* **What this task involves**
Find the lines of data that contain the string "Bengalore", then list them.

Stored entries
__________________________________________________

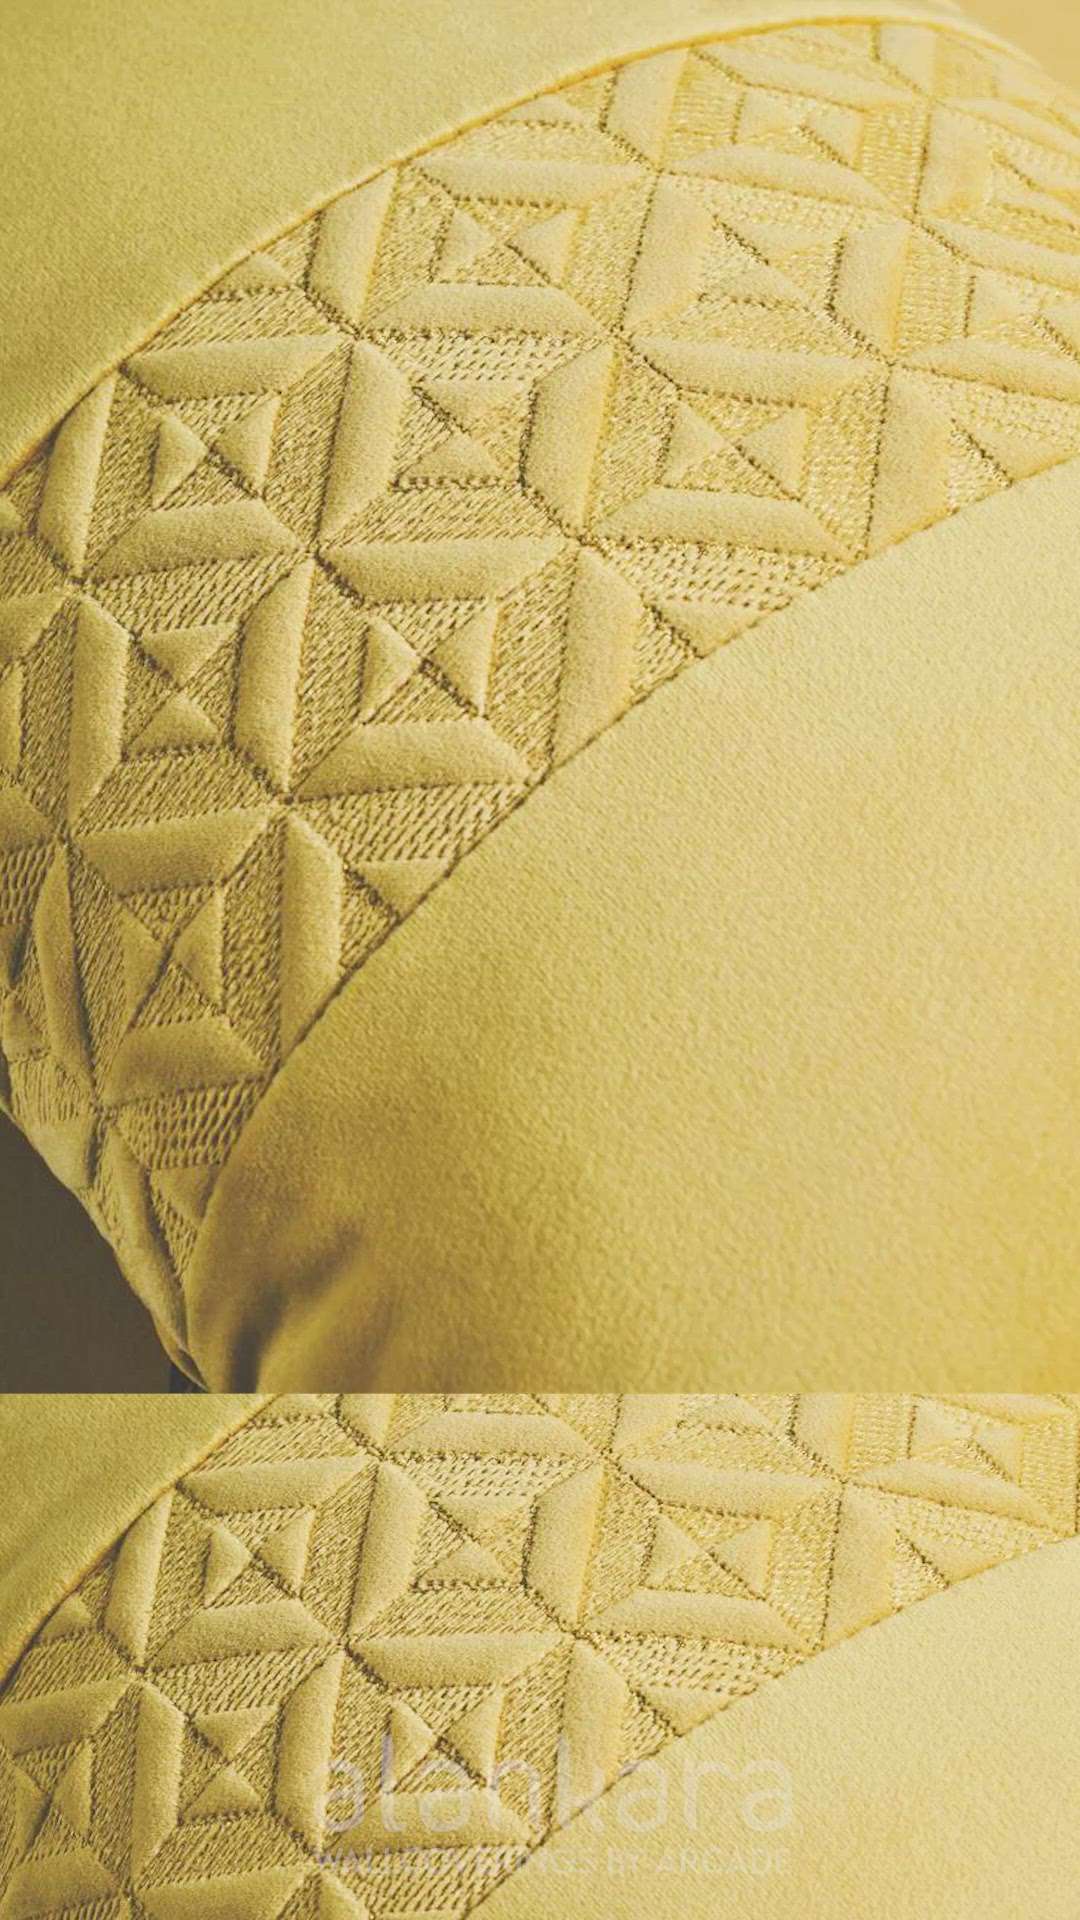 Yell Ohhh mania

Your interior will shine in yellow. Your sofa will glitter in luxury.

An Alluring Alankara promise

Wonderful Walls. Wonderful Homes. Alankara Promise

ᴅo ᴠisit ᴏur ꜱhowroom at
Cochin
Alankara Wallcovering
Near Pulinchod Metro Station, Metro Pillar No 76, Aluva, Kochin,Kerala 683101
Ph: 8089181314,
9995340439
*
*
*
Do ᴠisit ᴏur ꜱhowroom at
Bengalore
Alankara Wallcovering
8/9 First Floor, Oppo Mahaveer Ranches, Hosa Road, Bengalore 560100
Ph: 8129773421,
9995340439

#customizedwallpaper #wallpapers #instagram #customizedsofa #decorcurtain #woodenblinds #blinds #rollerblinds #officeblinds #zebrablinds #windowcurtain #artificialgrass #artificialverticalgarden #bangalore #kochi #alankara #alankarawallcovering #home #reels #instagram #instagramreels #reelsinstagram #instagood #facebook

__________________________________________________

* **Exercise solution**
Bengalore
8/9 First Floor, Oppo Mahaveer Ranches, Hosa Road, Bengalore 560100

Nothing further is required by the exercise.